This omission was fixed by Pfeiffer et al. (2018, Experiments 1 and 3), using a full factorial design. The criterion for peripersonal space was then a significant sound × distance interaction, which allowed the confounding expectancy effect to be assessed for the first time (see Kandula et al. 2017 for visual–tactile analyses). In experiments beginning with Canzoneri et al. (2012), the sounds were changing or moving, and between 1.1 and 4 s duration. The target tactile stimulus then occurred at one of several times before, during, or after the sound. As this 1–4 s passes without a target, the target then becomes increasingly likely to occur at subsequent time points (a 'hazard function'). This expectancy effect likely influenced participants’ RTs in many reports (Ardizzi and Ferri 2018; Canzoneri et al. 2012, 2013a, b; Ferri et al. 2015a, b; Galli et al. 2015; Hobeika et al. 2018; Maister et al. 2015; Noel et al. 2015a, b; Serino et al. 2015; Teneggi et al. 2013; Tonelli et al. 2019), but was controlled for only by Pfeiffer et al. (2018)—RTs were approximately 16 ms shorter for targets later as compared to earlier in the trial.
Control conditions
In experiments presenting one of two unchanging sounds at two distances, far sounds controlled for near sounds (Bassolino et al. 2010; Cimmino et al. 2013; Kitagawa et al. 2005; Serino et al. 2007, 2011; Tajadura-Jiménez et al. 2009; Teramoto et al. 2013). By contrast, in experiments using two speakers, the relative intensity of each speaker was adjusted to produce a ‘looming’ (increasing intensity of near relative to far), or ‘receding’ sound (increasing far relative to near, Ardizzi and Ferri 2018; Canzoneri et al. 2012, 2013a, b; Ferri et al. 2015a; Maister et al. 2015; Serino et al. 2015; Teneggi et al. 2013). Initially, receding and looming conditions were analysed according to the time that the target was presented, and both sounds were argued to enhance tactile processing, although receding sounds had smaller effects (Canzoneri et al. 2012). In two later reports, looming and receding sounds were analysed by the perceived distance of the sounds, pooled and interpreted together (Canzoneri et al. 2013a, b). In other experiments, the sounds were analysed separately, the authors arguing that only looming sounds affected audiotactile interactions (Noel et al. 2015a; Serino et al. 2015). In yet other experiments, receding sounds were replaced with constant sounds (Ardizzi and Ferri 2018; Ferri et al. 2015a, b) sometimes excluded from analysis (Ferri et al. 2015b), or no control sound was used (Ferri et al. 2015b; Galli et al. 2015; Maister et al. 2015; Noel et al. 2015b; Serino et al. 2015; Teneggi et al. 2013).

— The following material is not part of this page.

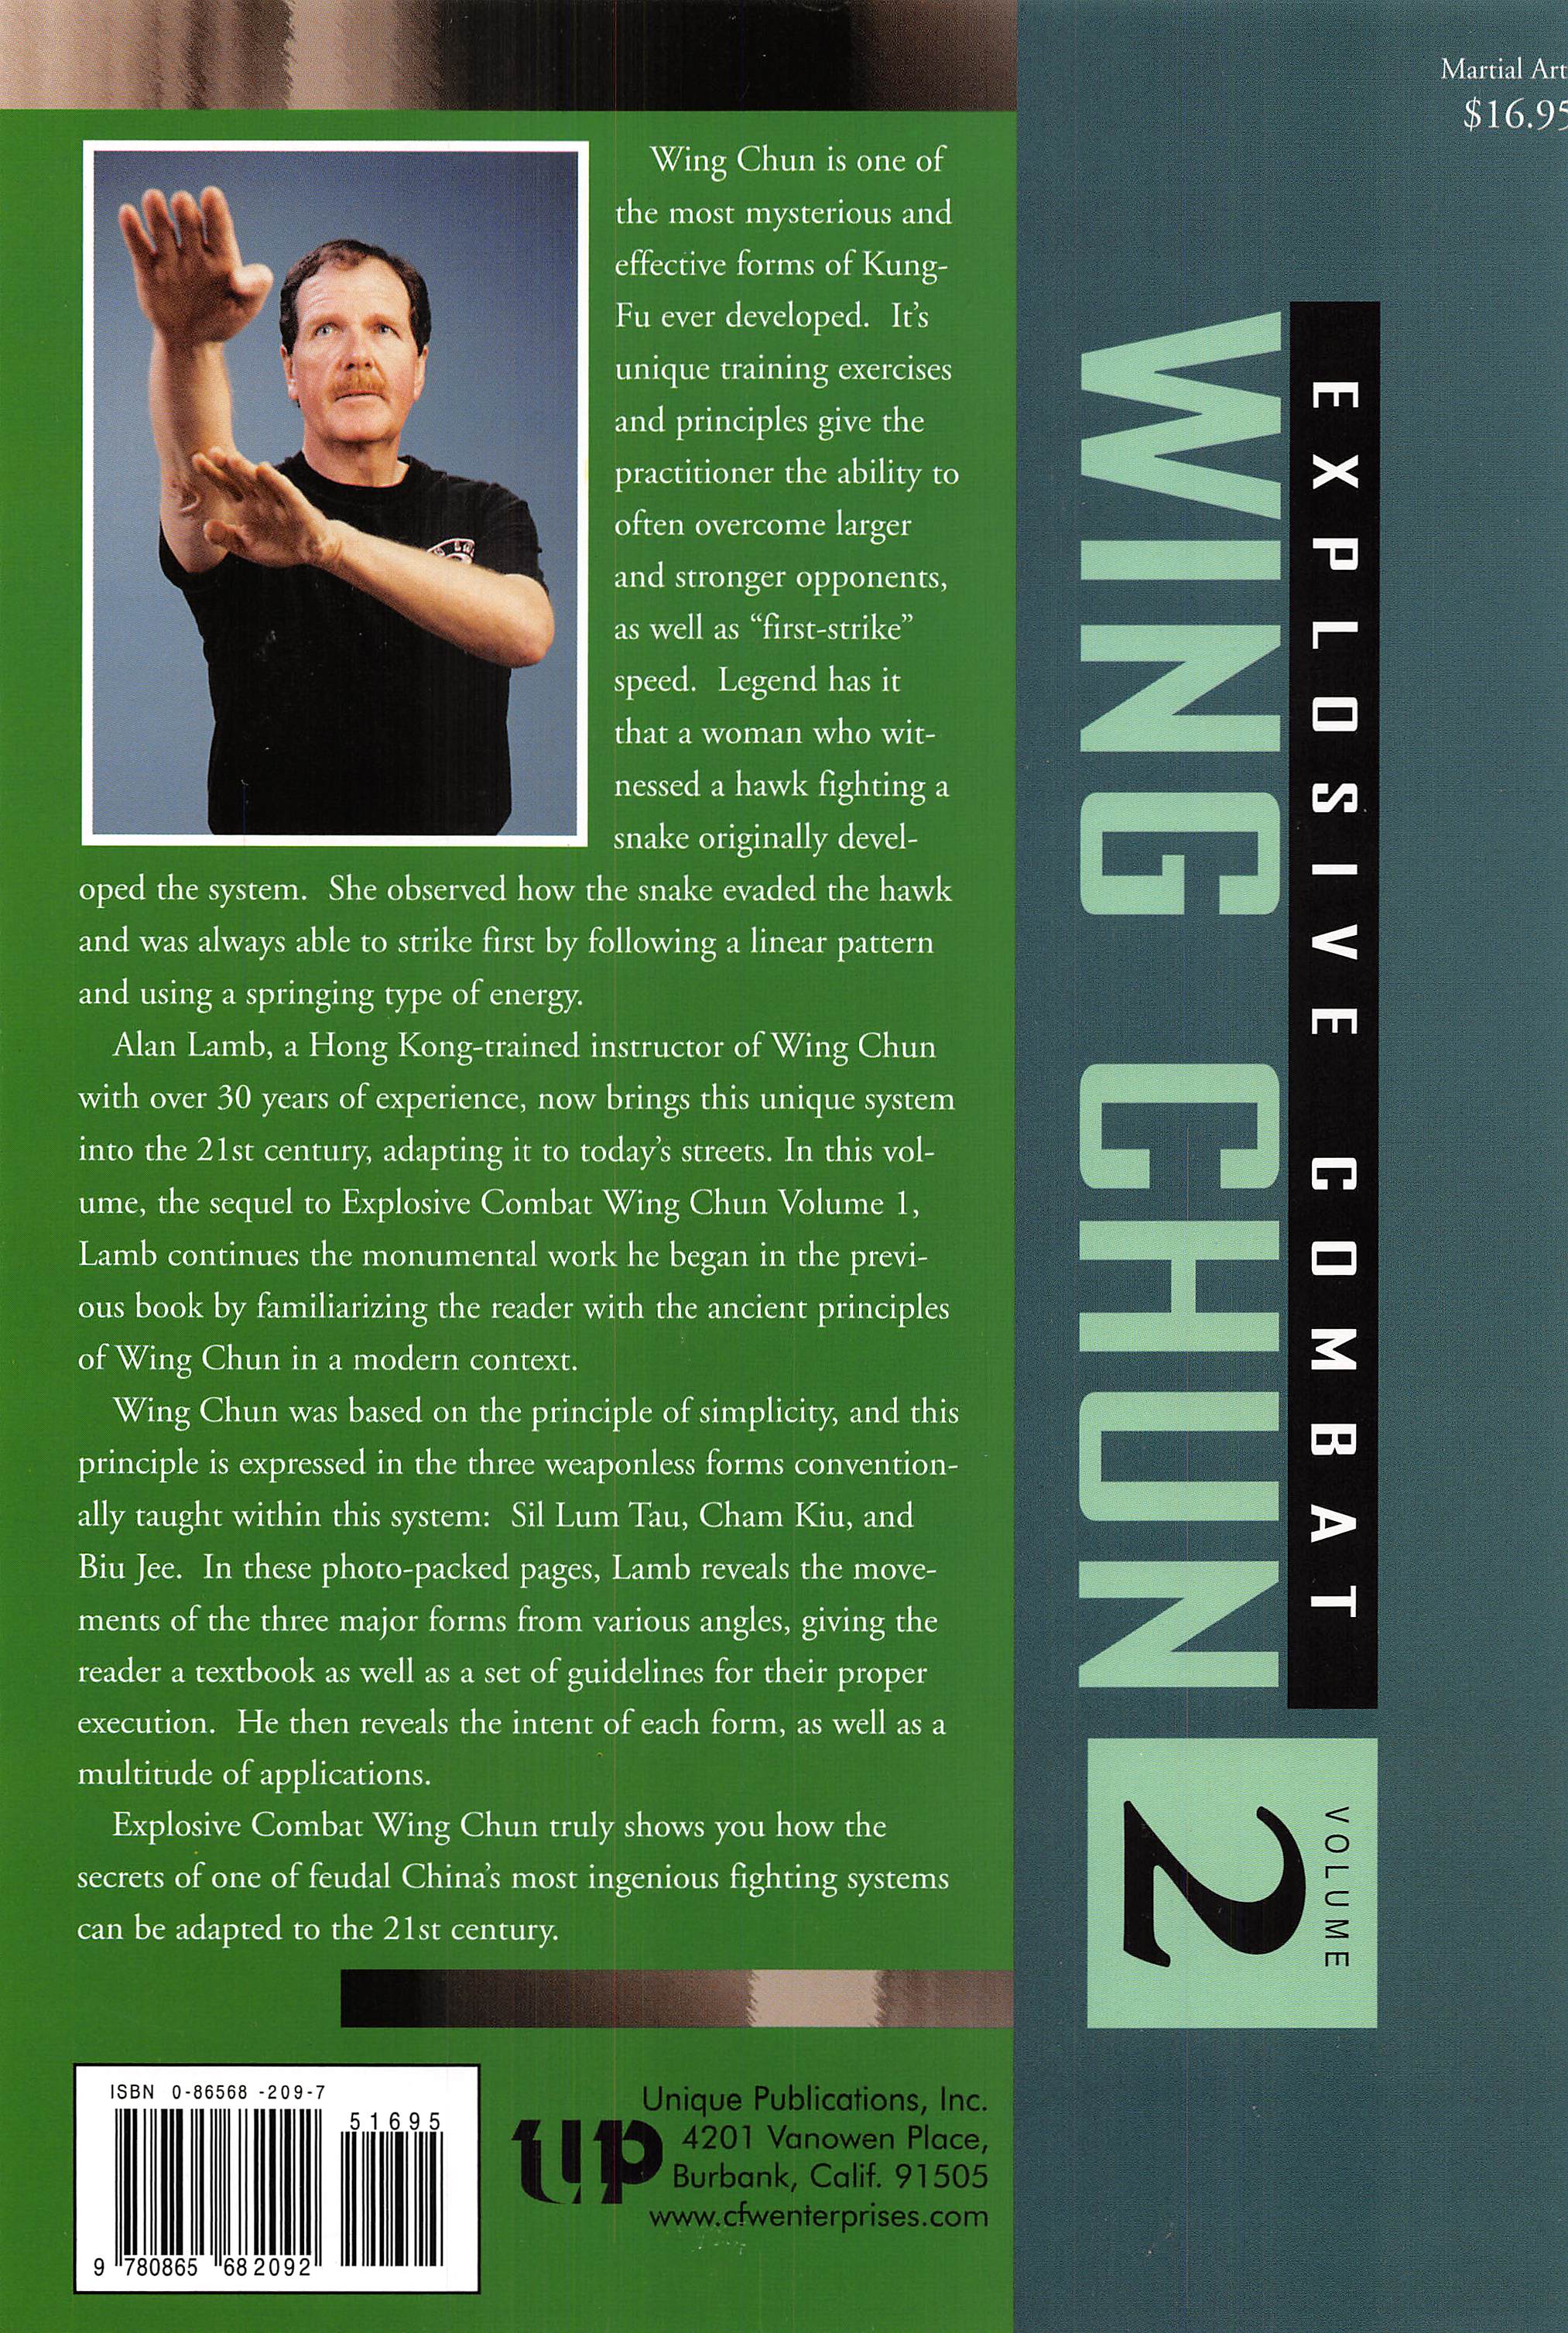 Explosive Combat Wing Chun #2 Book Alan Lamb

Types of stimuli and responses
Sounds have included changes in intensity played over headphones (Ferri et al. 2015a, b), which cannot provide distance information (Kolarik et al. 2016), and are thus irrelevant to peripersonal space. Other studies used headphone-presented sounds filtered using generic head-related transfer functions to create more realistic spatial sound (Hobeika et al. 2018; Pfeiffer et al. 2018), or arrays of two (Serino et al. 2007), four (Galli et al. 2015), seven (Tonelli et al. 2019), or eight (Noel et al. 2015a, b) speakers. The sounds varied between constant white noise (Serino et al. 2007), white noise presented from different speakers sequentially (Galli et al. 2015), changing amplitude pink noise (Canzoneri et al. 2012), different kinds of noise (Ferri et al. 2015b), and water bubbling (Hobeika et al. 2018). In some reports, the near sound onset was adjusted to account for the speed of sound (343 m/s or 2.9 ms/m), sometimes rounded up to 5 ms (Bassolino et al. 2010; Serino et al. 2007, 2011). Other papers did not report this correction; these later studies overestimated RTs for targets with far sounds, and the near > far sound effect size.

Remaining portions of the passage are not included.